THE MARINER’S DICTIONARY
TWO DAYS after Quoyle’s spill, Billy Pretty grinning into the newsroom in the afternoon, an old leather flying helmet on his head, the straps swinging, wearing his wool jacket in grey and black squares, face the color of fog.
“They got your drowned man, Quoyle, Search and Rescue got him out of the cave. But he was a bit of a disappointment.” Taking a scrap of paper from his pocket, unfolding it. “And it’s a page, one story which I’ve worked out in my head on the way over here. Should have been your story, proper thing, but I’ve wrote it up already. That was a survival suit he was floating in.
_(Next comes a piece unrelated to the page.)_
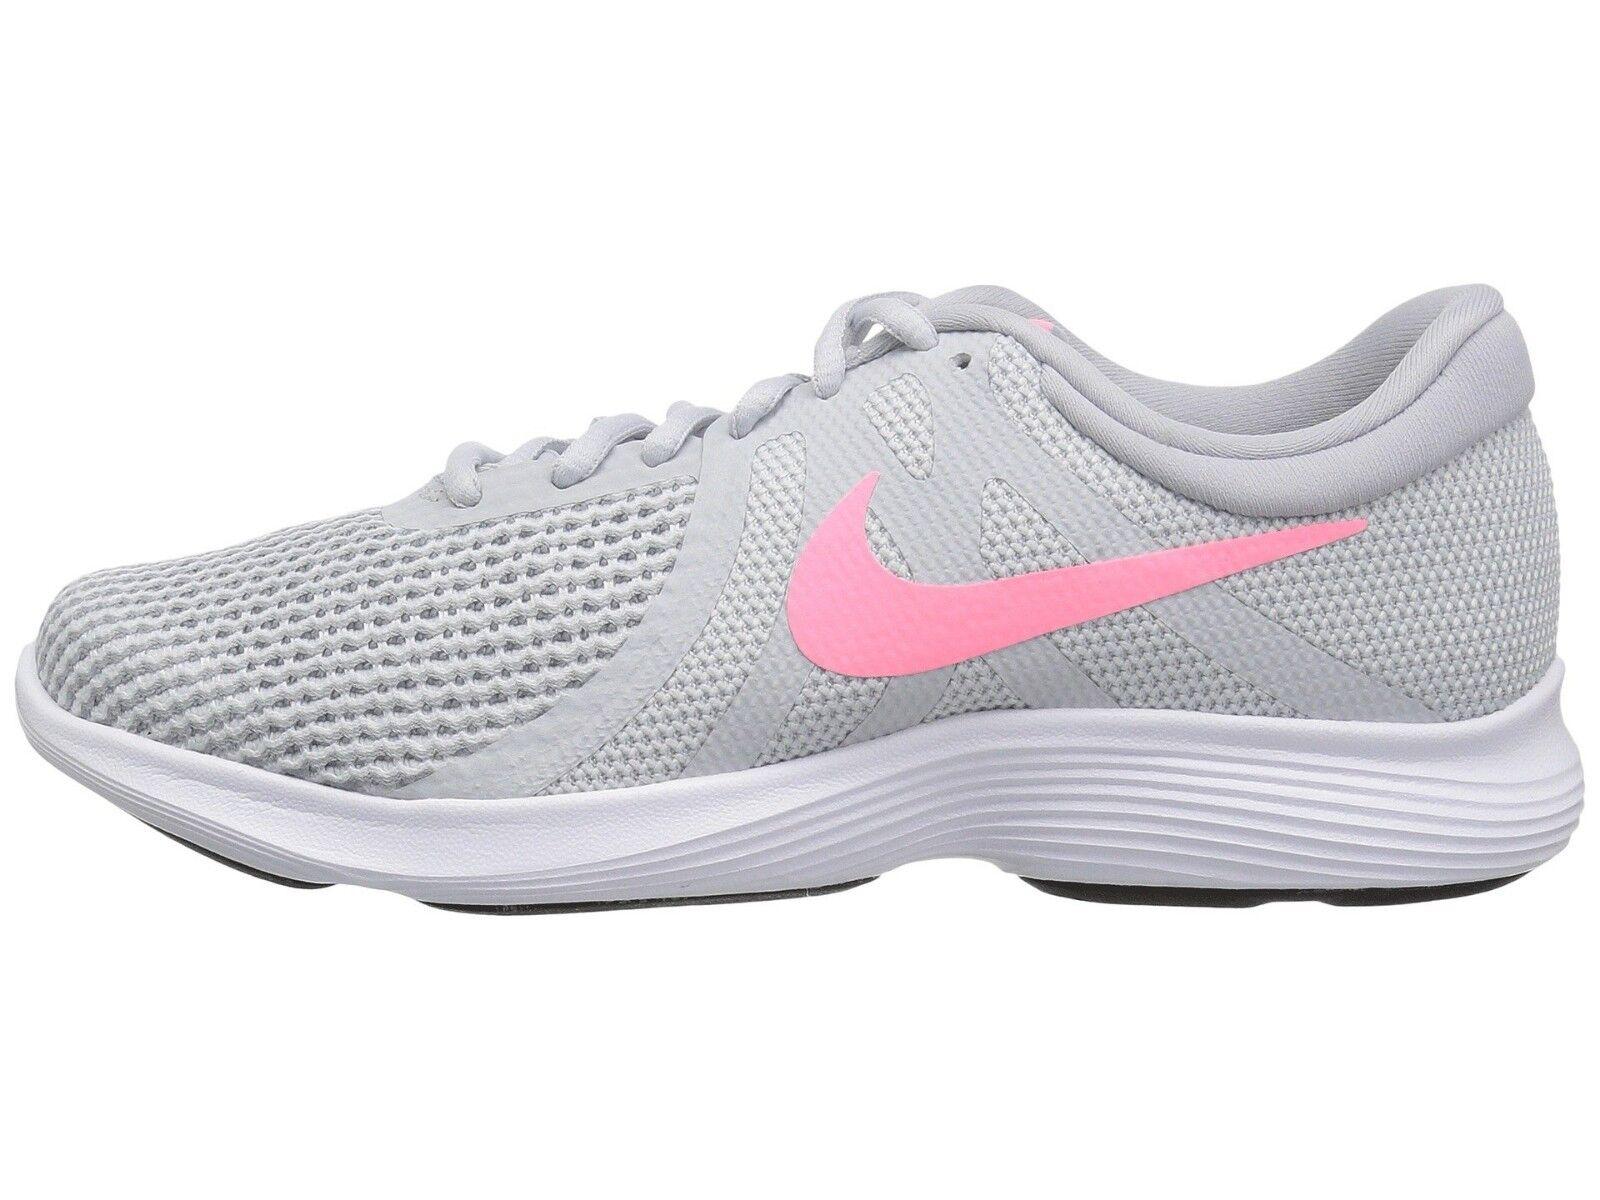 Nike Women's Revolution 4 Shoes Gray

Carried up to the ovens by the currents. There was a fellow from No Name Cove washed up in there years ago.”
“What do you mean, he was a disappointment?”
“They couldn’t tell who he was. At first. Bit of a problem.”
“Well don’t plague us, Billy Pretty. What?” Tert Card roaring away.
“No head.”
“The suitcase?” said Quoyle stupidly. “The head in the suitcase? Mr. Melville?”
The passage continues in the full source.